Work to complete:
Could you repeat every line below exactly, skipping the images?

Given information:
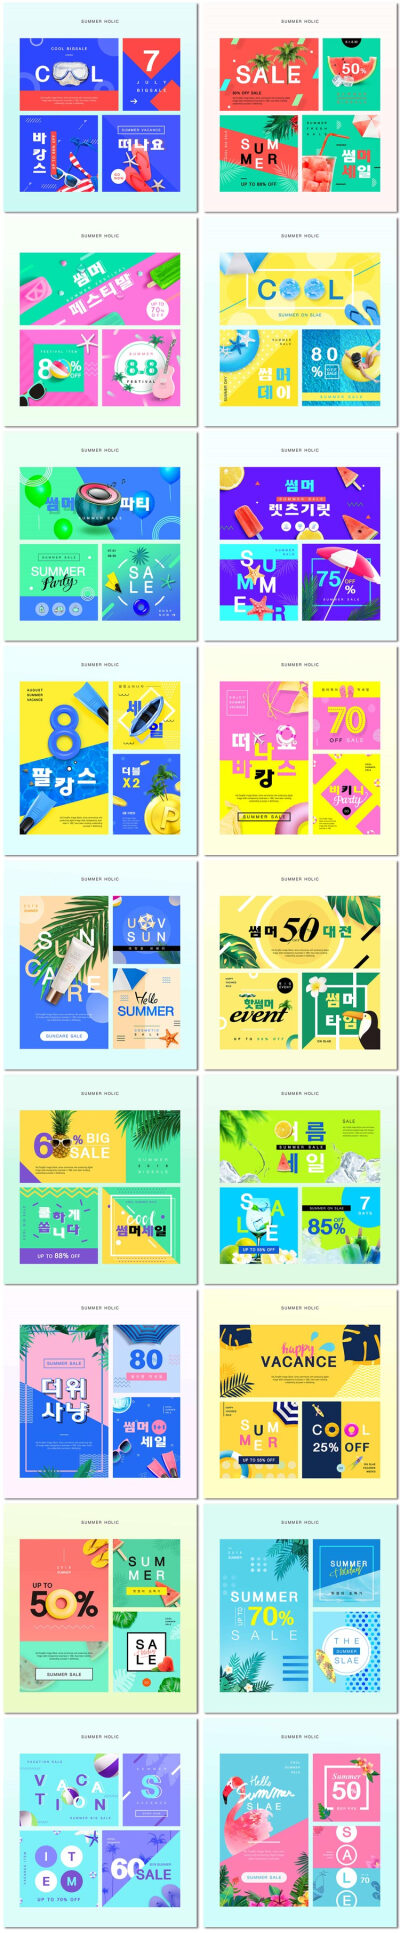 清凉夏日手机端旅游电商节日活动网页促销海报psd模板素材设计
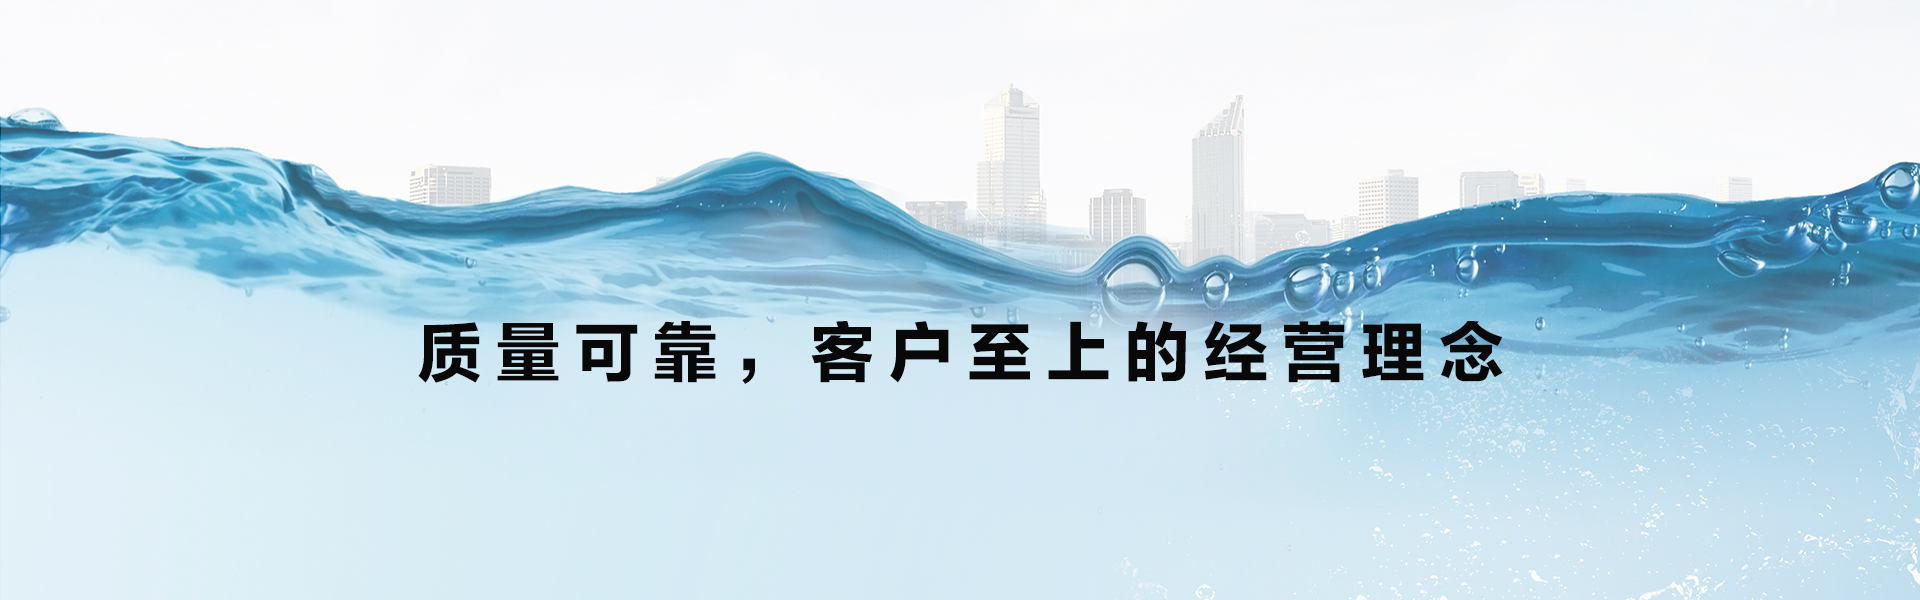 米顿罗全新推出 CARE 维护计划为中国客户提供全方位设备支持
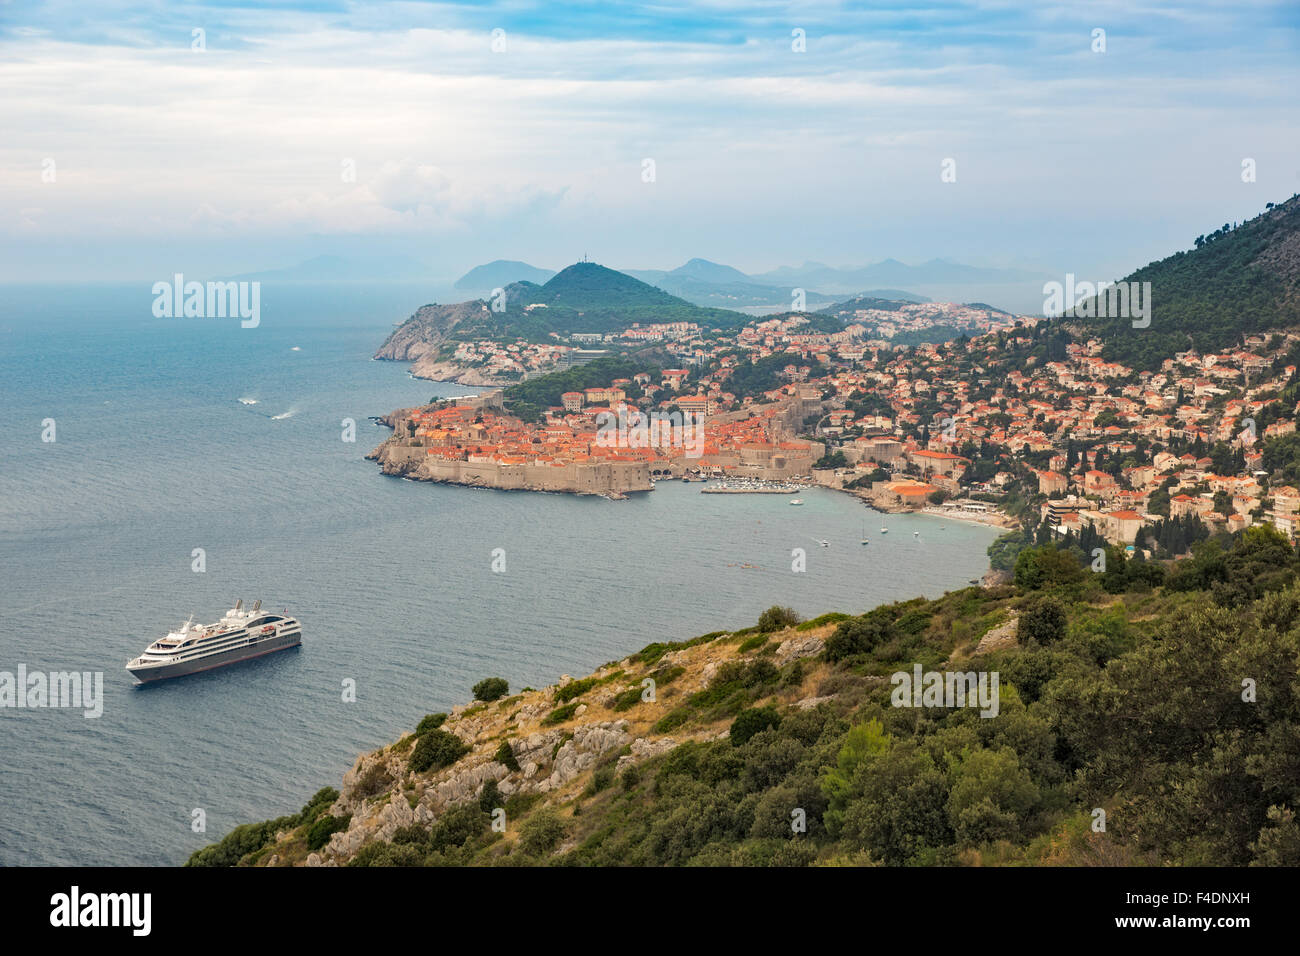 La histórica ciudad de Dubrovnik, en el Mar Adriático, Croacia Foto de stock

Response for this exercise:
 清凉夏日手机端旅游电商节日活动网页促销海报psd模板素材设计
 米顿罗全新推出 CARE 维护计划为中国客户提供全方位设备支持
 La histórica ciudad de Dubrovnik, en el Mar Adriático, Croacia Foto de stock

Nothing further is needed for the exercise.